Something clicked inside me. For the first time in my life, I was recognized as stronger than anyone. Hey, the highly-educated doctor said so! I told an older priest mentor about the aversion therapy and he exploded with anger. “Billy, why in the world are you letting someone abuse you? God made you this way and you’re never going back to that doctor again!” So, I quit the therapy, and for an entire summer I was asexual, or sexless. Until one day, I was walking with other novices downtown when a beautiful young man passed by and glanced kindly at me. “Damn, it’s back!” I said to myself.
Later on, that same mentor explained to me that a person’s sexuality is connected to everything: your art, your creativity, your charisma, your élan vital. Think of President Kennedy or Princess Diana, who visibly glowed with that life force. When I met Pope St. John Paul II, once an actor and playwright, he absolutely glowed with spiritual and artistic charisma.
After more than 50 years in religious life and 44 years as a Catholic priest, I’d like to warn young people today that I can count on one hand the number of “authentically straight” people who, in my experience, care about LGBTQ issues. Many of these people do care, however, about the huge issues we are facing right now. Are we going to destroy Mother Earth? Are we going to blow ourselves up?
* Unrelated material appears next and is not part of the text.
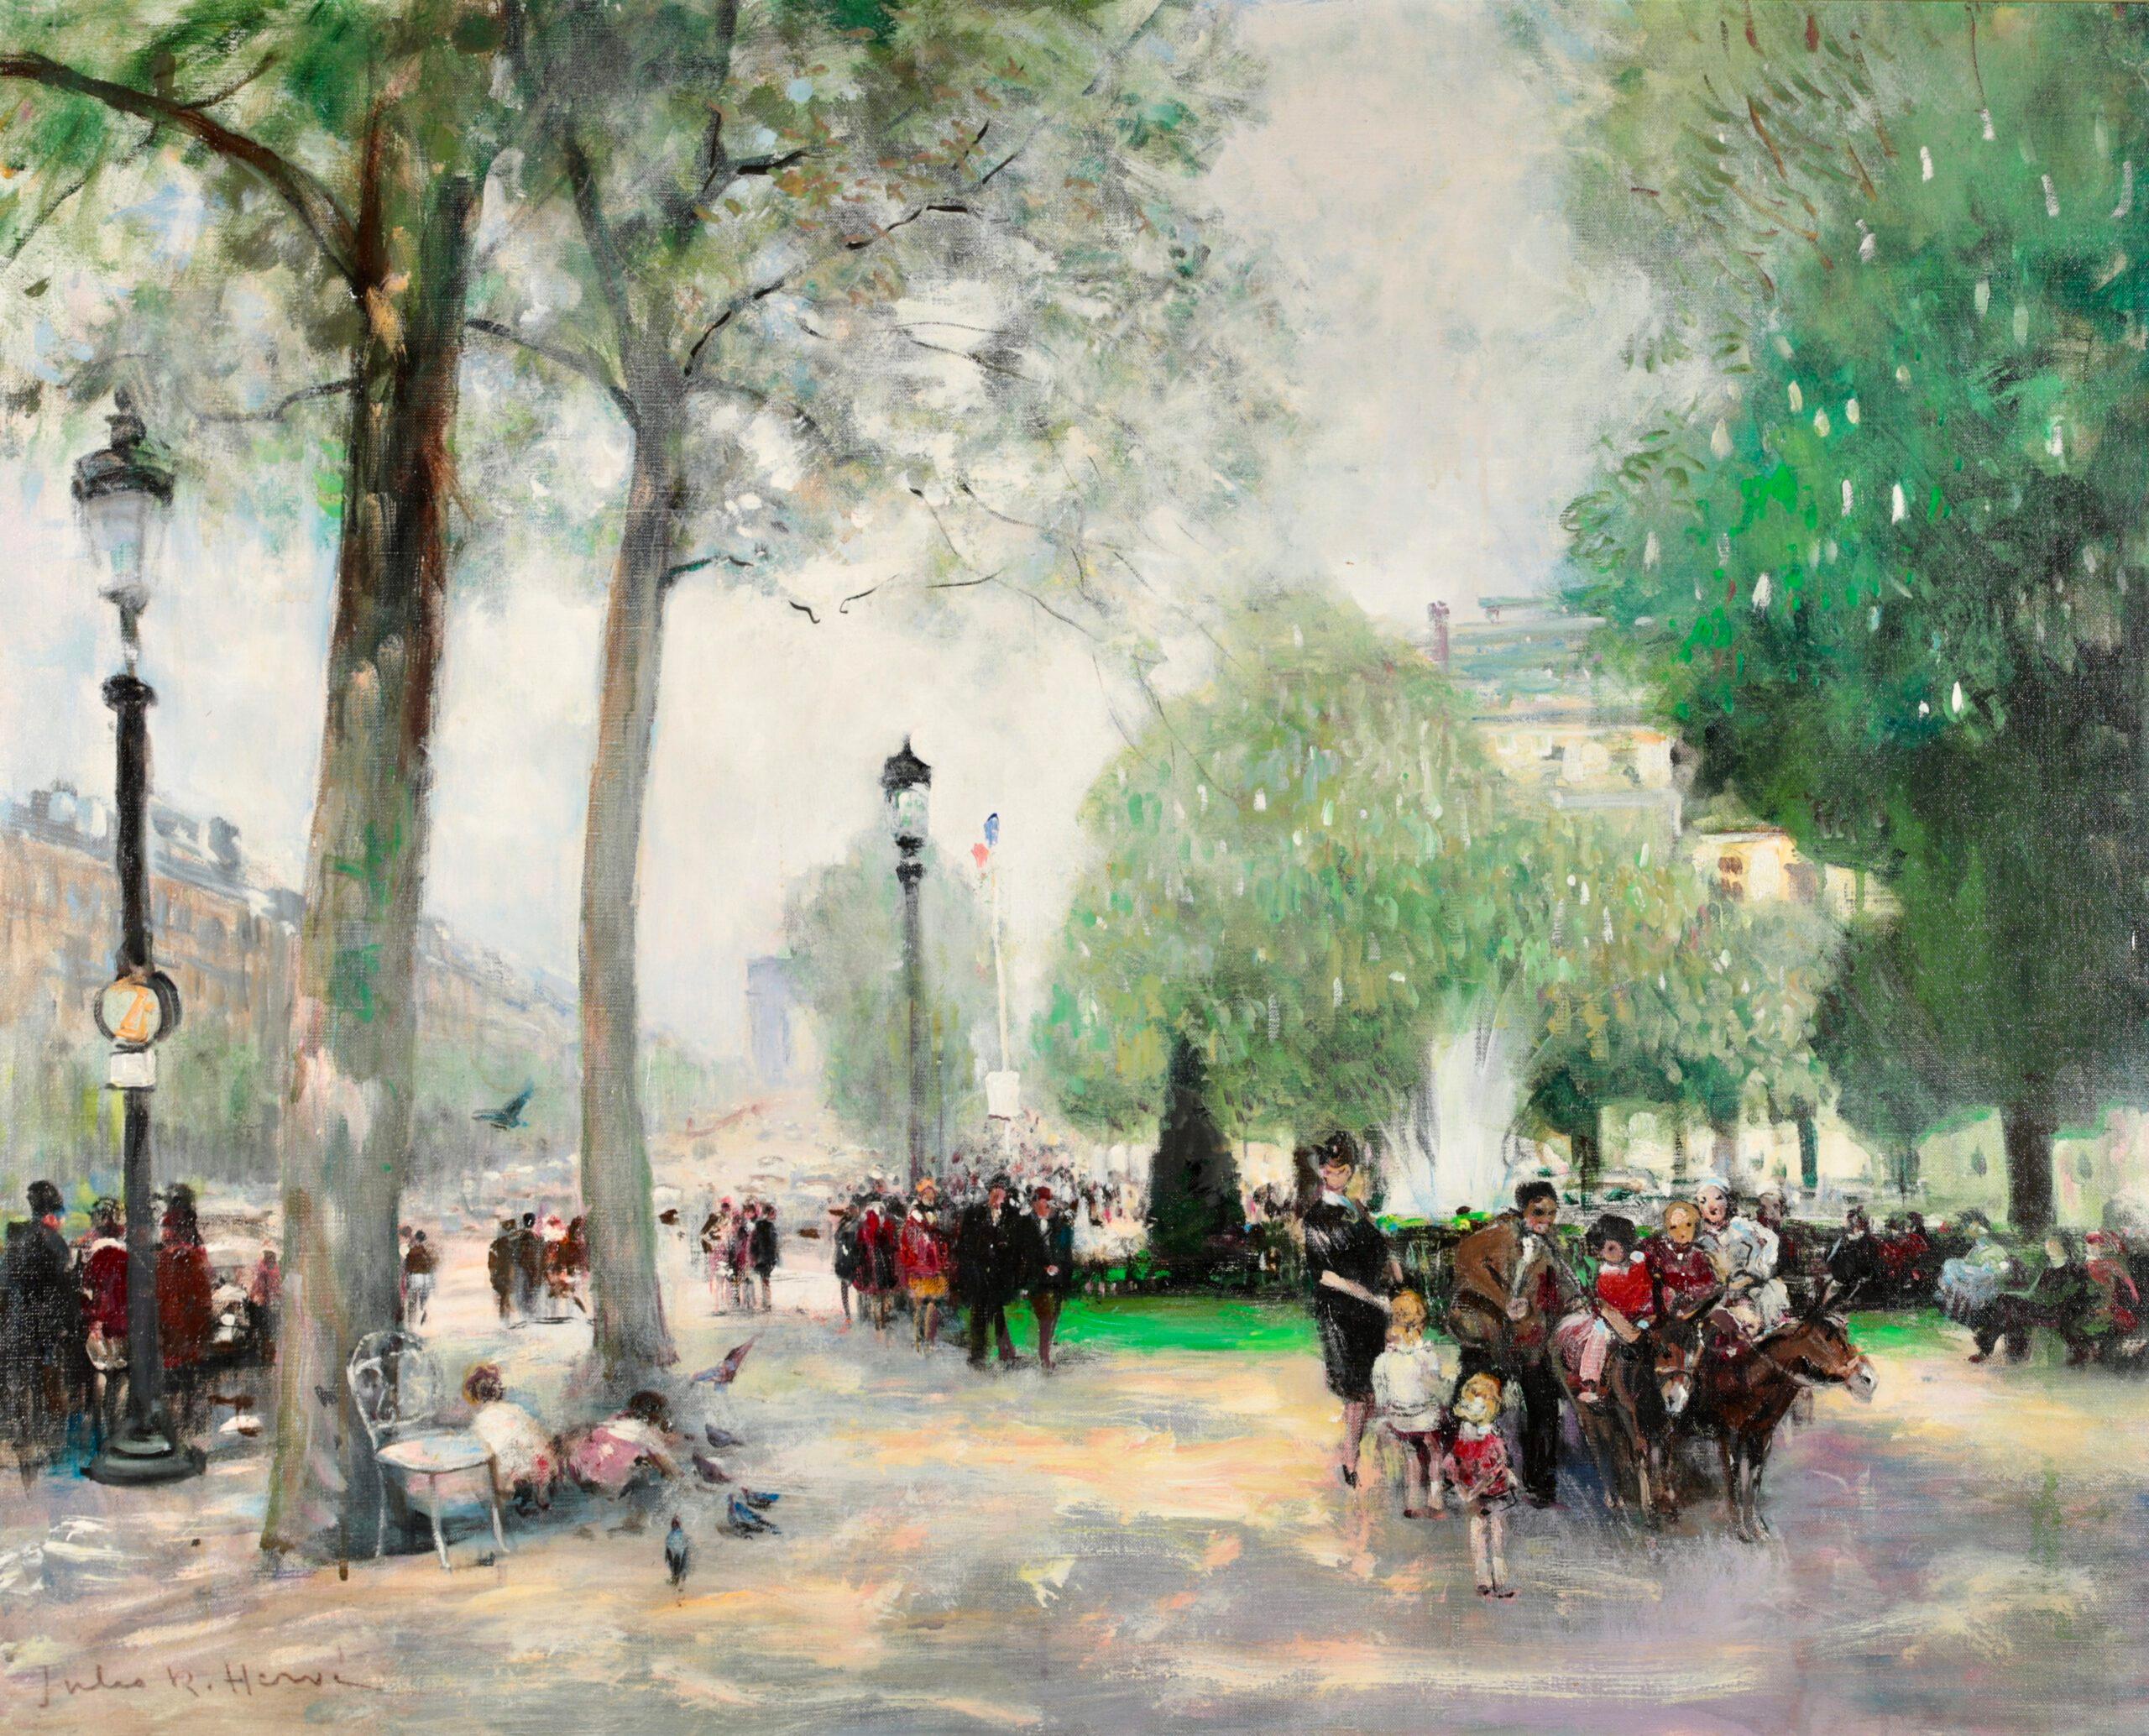 Les marches d'ânes impressionnistes dans un paysage, huile de Jules Rene Herve - Impressionnisme Painting par Jules René Hervé

If a person is obsessed with your sexuality, immediately turn and run away. There’s a good chance they are hiding something and projecting onto you their own self-hatred. I have met so many people who, because they are afraid to be themselves, have created an alter-ego. You can feel and often see it a million miles away—in their behavior, their dress, their elite gnostic spirituality.
In my early 20s, before I became a high school teacher, I took education classes. My teacher said something I’ll never forget. “You will never understand the United States until you read Nathaniel Hawthorne’s masterpiece, The Scarlet Letter,” she said. In Hawthorne’s story, the “pure” Christians—those looking for a smaller, purified church—keep getting more exclusive until all the sinners are ousted, and the accused heroine of the book seems to be the only Christian left. Her intense suffering and imposed isolation have made her a timeless, humble and humiliated Christ figure.
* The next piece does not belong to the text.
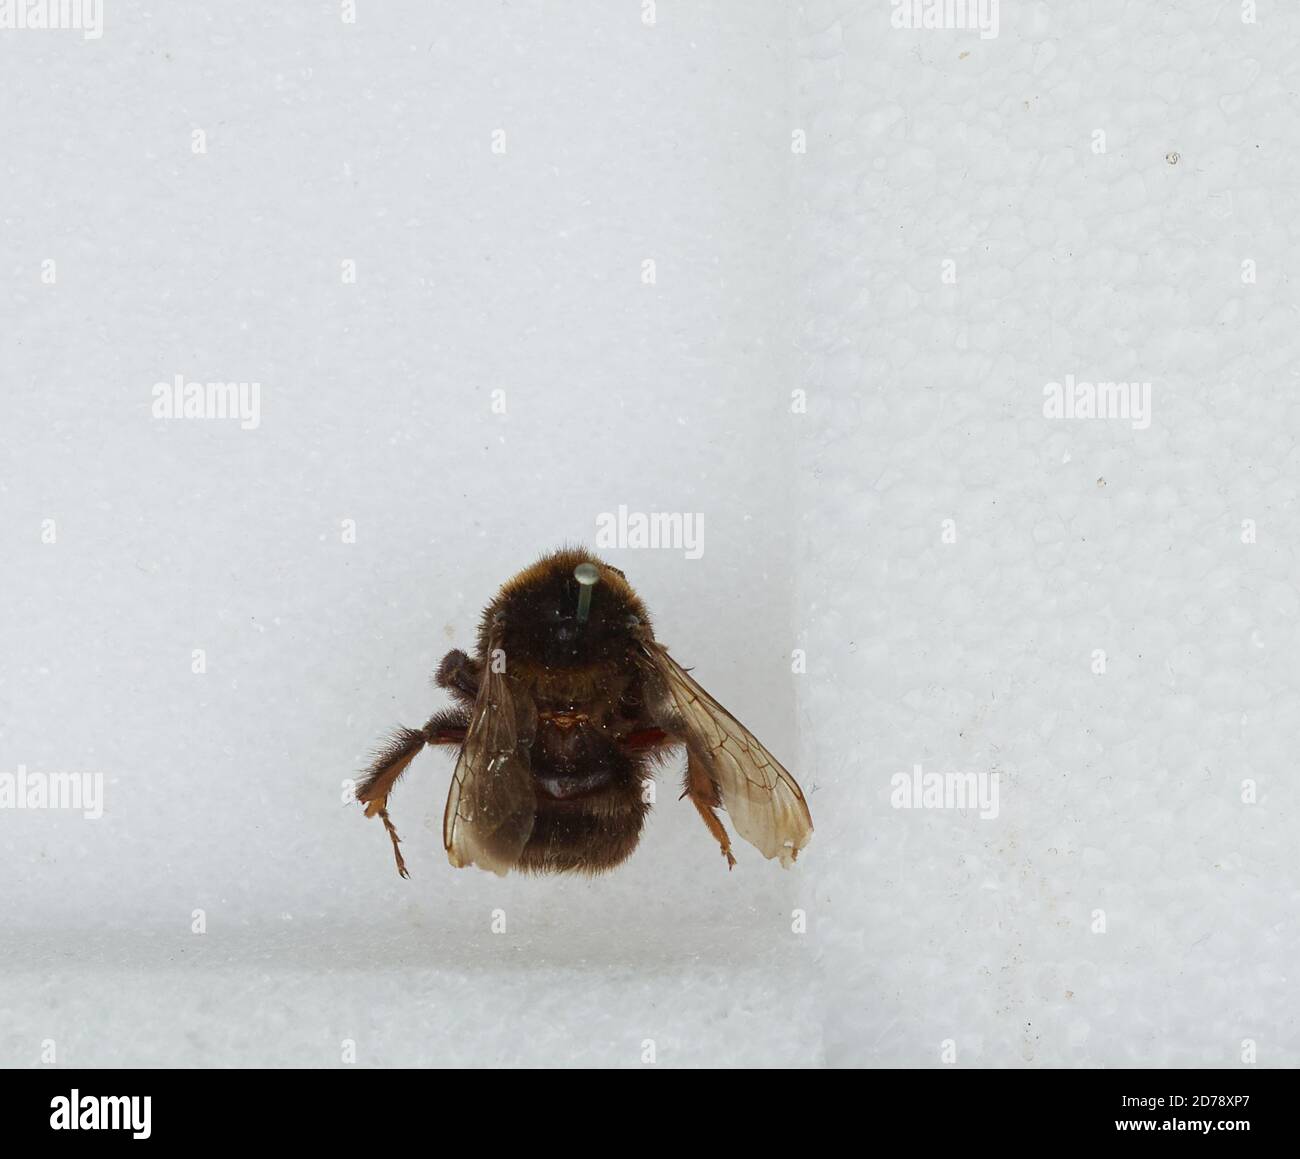 Bombus (Subterraneobombus) subterraneus (Linnaeus), Animalia, Arthropoda, Insecta, Hymenoptera, Apidae, Apinae Stock Photo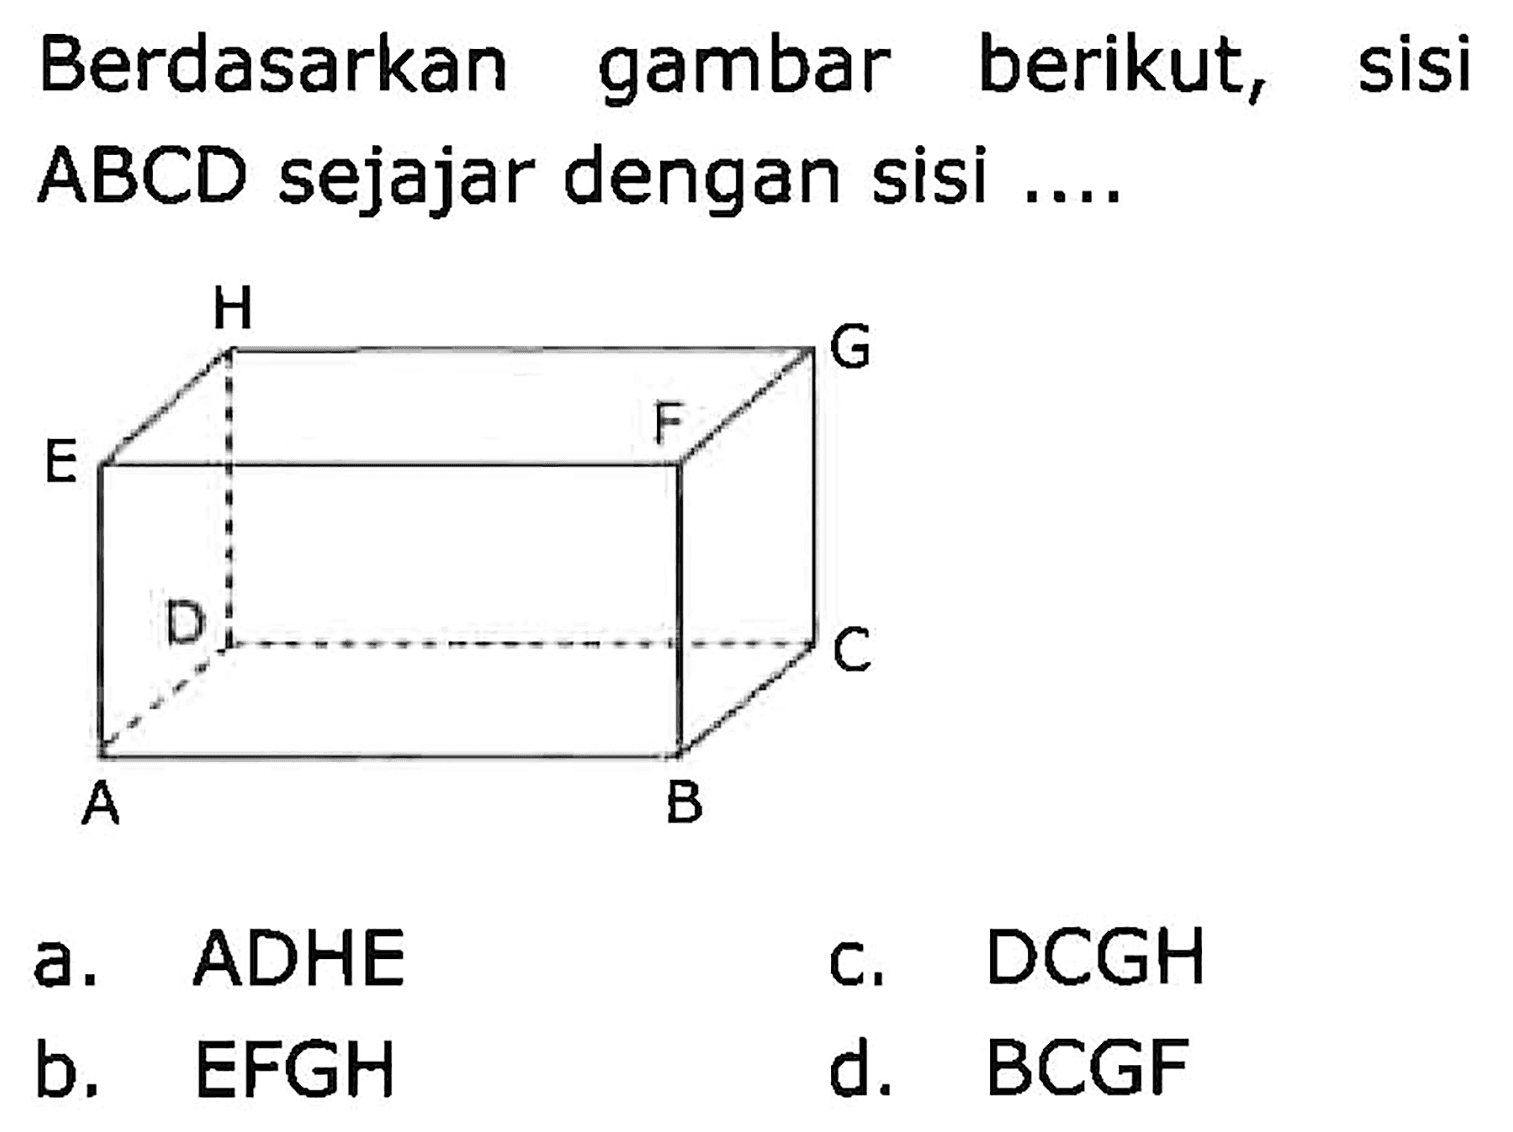 Berdasarkan gambar berikut, sisi ABCD sejajar dengan sisi ....
a. ADHE
c. DCGH
b. EFGH
d. BCGF

When I imagined painting Alana, I had to ask, who is she with now? I thought of Saint Thérèse, one of her favorite saints, but then I realized we were in the season of the wounds, the season of Saints Francis and Padre Pio. We were also in the the season of Our Lady of Sorrows. Who better than Our Lady of Sorrows to reach down to catch Alana and bring her home?
The colors for the image came naturally: her salmon-colored blouse; the vivid blue background, similar to the deep Colorado sky; the purple border and the “Hildegardian” green letters, suggesting the greening of the earth. As I painted, I listened to Saint Hildegard’s haunting chant, “O rubor sanguinis,” and then I turned to Giovanni Pergolesi, a musical genius who died at 26, and his masterpiece, “Stabat Mater.”
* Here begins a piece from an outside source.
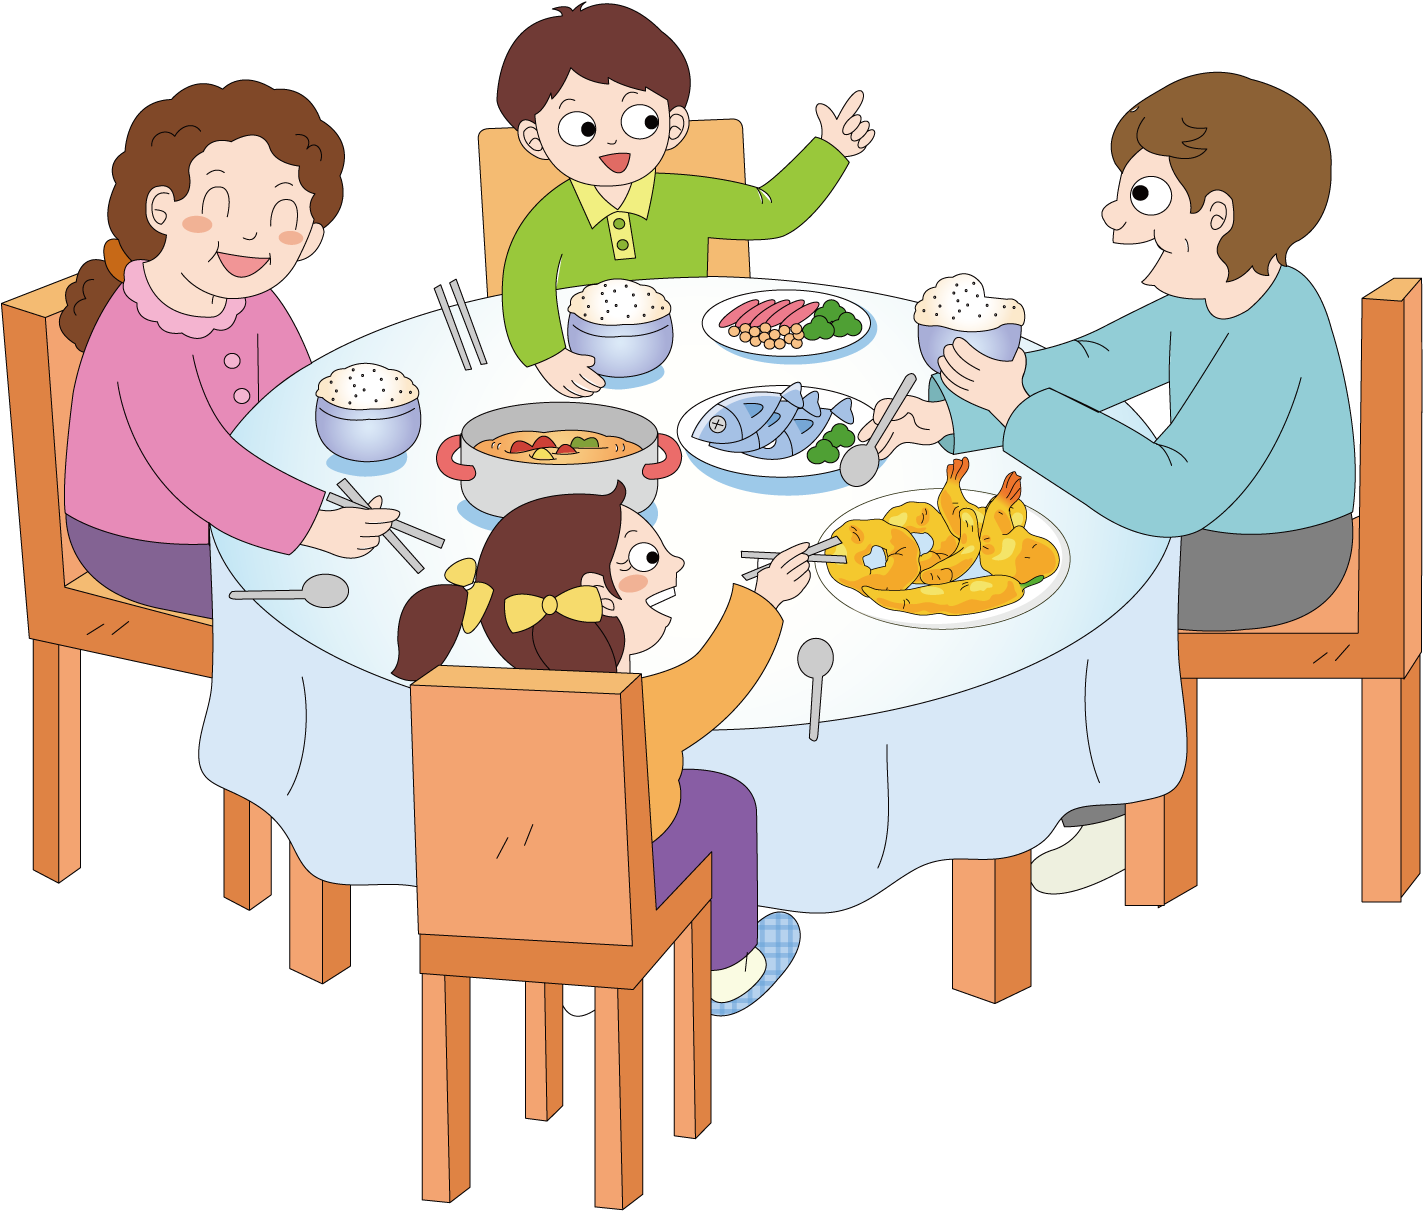 Картинка детей сидящих за столом. Семья обедает за столом. Дети за столом обедают. Иллюстрация дети обедают. Обед иллюстрация для детей.

I have a writer friend, Sandi Gold, who just finished a book coming out in December. After I sent her two articles about Alana, she texted me, “I wish she had met you.” Through the process of creating this image, I think I have met at least some of Alana, and spoken with her during the weeks I was painting. A final prayer:
Dear Alana, I do wish I’d met you,
and I hope you like your image.
I’m asking that you be another Guardian Angel to me
until we meet and are all together with
God, Our Loving Father, with Jesus Christ, Our Savior and Beloved,
the Holy Spirit who is the author of every true image or icon,
and with Our Blessed Mother, for the meantime … Our Lady of Sorrows.